Importing and processing data from QuickControl.
================================================
"""

# %%
# Quickcontrol is a software from Phasetech to control and record data from
# time-resolved measurements. The software saves the data in a folder containing
# several files

import numpy as np
from skultrafast.quickcontrol import QC2DSpec
from skultrafast import plot_helpers
from skultrafast.data_io import get_twodim_dataset

# %%
# The following line returns a path to a folder containing the sample data. If
# necessary, it will try downloading the data from the internet.

p = get_twodim_dataset()

# %%
# Lets look at the content of the folder. For measurements with quickcontrol, we
# are looking for `.info` files which contain all necessary information.

infos = list(p.glob('*.info'))
infos

# There are two `.info`-files the directory. The first, index 319, contains the
# transient 1D-data and the second (320) the transient 2D-data. Here in this
# tutorial, we will work with the 2D data. Therefore we select the second file
# and open it by instancing an `QC2DSpec`-class. Given the info-file, the class
# collects all necessary data from the folder. It is also responsible to turn
# the saved data, which are still inferogramms, into 2D-spectra. This process
# also includes some preprocessing. Below we we apply 2 times upsampling of pump
# axis and use 10 pixel left and right to estimate and subtract an background
# before taking the FFT. For apodization, we are use the default hamming window.

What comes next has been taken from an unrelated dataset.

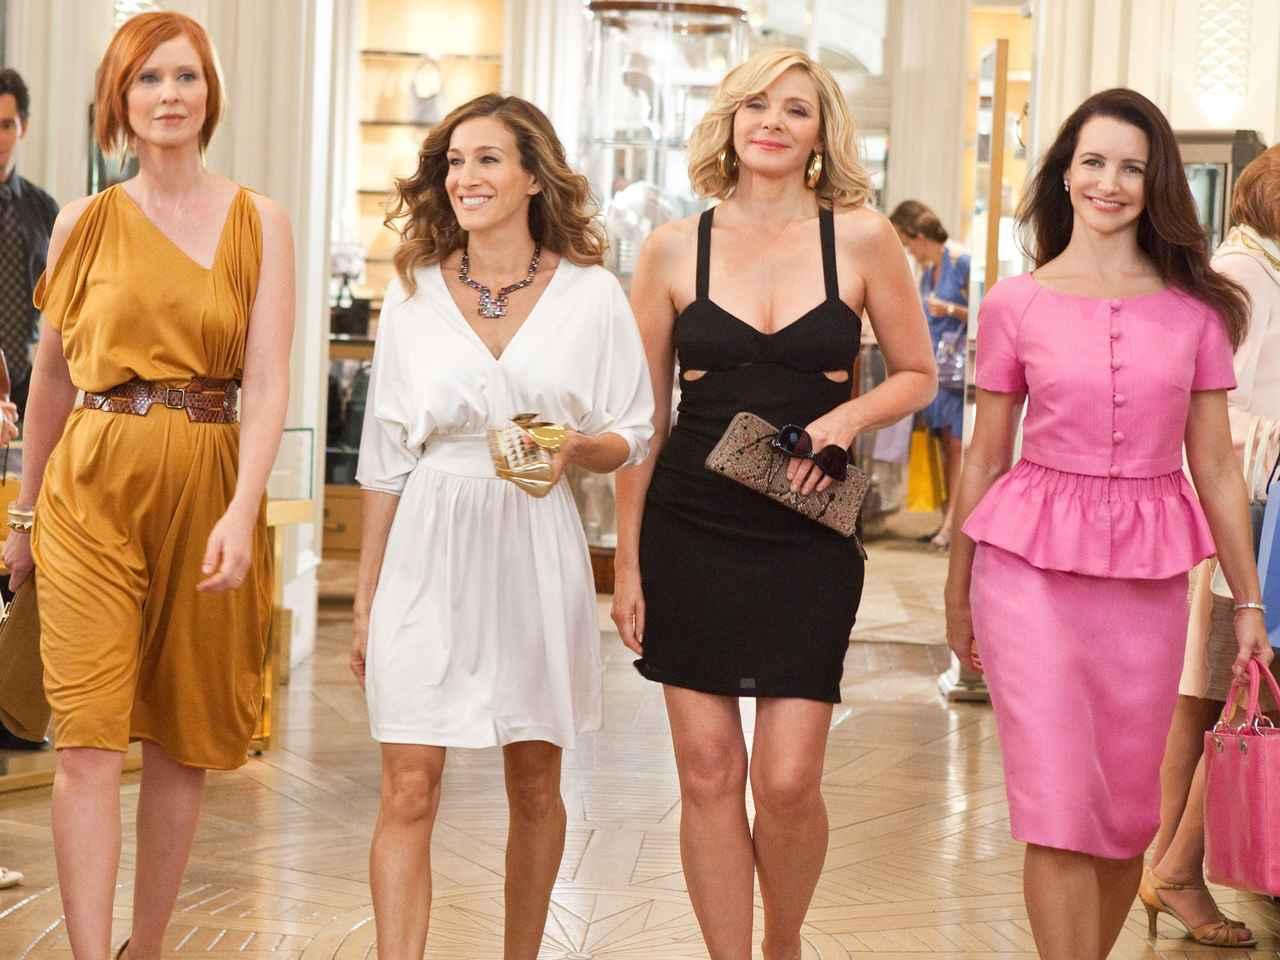 画像: 左からミランダ役のシンシア・ニクソン、キャリー役のサラ・ジェシカ・パーカー、サマンサ役のキム・キャトラル、シャーロット役のクリスティン・デイヴィス。
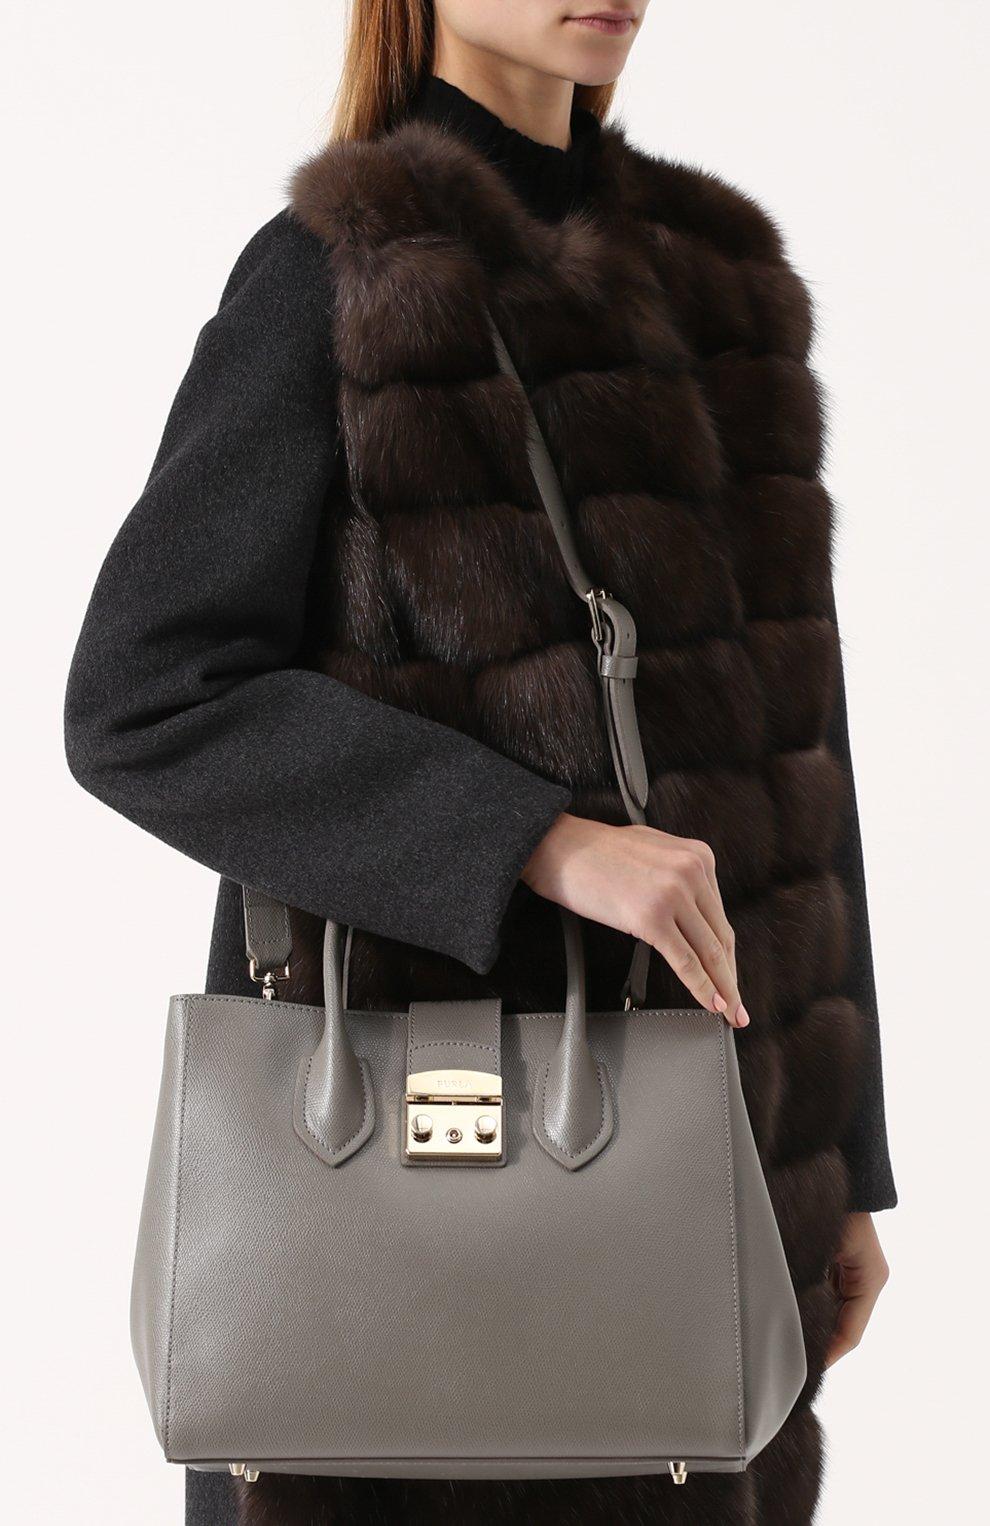 6aba74162b4a Женская сумка metropolis FURLA серого цвета — купить за 27500 руб. в ...

plot_helpers.enable_style()

data2d_info_path = list(p.glob('*#320.info'))[0]
qc_file = QC2DSpec(data2d_info_path, upsampling=4,
                   probe_filter=1)

# %%
# To create a dataset to work with form the raw data, we call the `make_ds`
# method. The method returns a dict of `TwoDim` objects to work with, containing
# parallel (`para`), perpendicular (`perp`) and isotropic (`iso`) datasets. We
# select the isotropic dataset.

ds_all = qc_file.make_ds()
ds_iso = ds_all['iso']
ds_iso.background_correction((2100, 2200), deg=1)
ds_iso.pump_wn *= 2162.5 / 2159.35  # correct pump calibration

# %%
# One method to check if the polarization is correct is to plot 1D-spectra at
# a early delay. The parallel spectrum should have a stronger signal.
# The following plot shows the 1D-spectra at 0.5 ps delay.

ds_all['para'].integrate_pump().plot.spec(0.5, add_legend=True)
ds_all['perp'].integrate_pump().plot.spec(0.5, add_legend=True)

# %%
ds_iso.spec2d = ds_iso.spec2d.astype(np.float16)
ds_iso.save_numpy("2D_example.npz")
# %%
ds2 = ds_iso.copy()
ds2.spec2d = ds_iso.spec2d.astype(np.float16)
# %%
ds2.select_range((2100, 2200), (2100, 2200)).plot.contour(0.1)
ds_iso.select_range((2100, 2200), (2100, 2200)).plot.contour(0.1)
# %%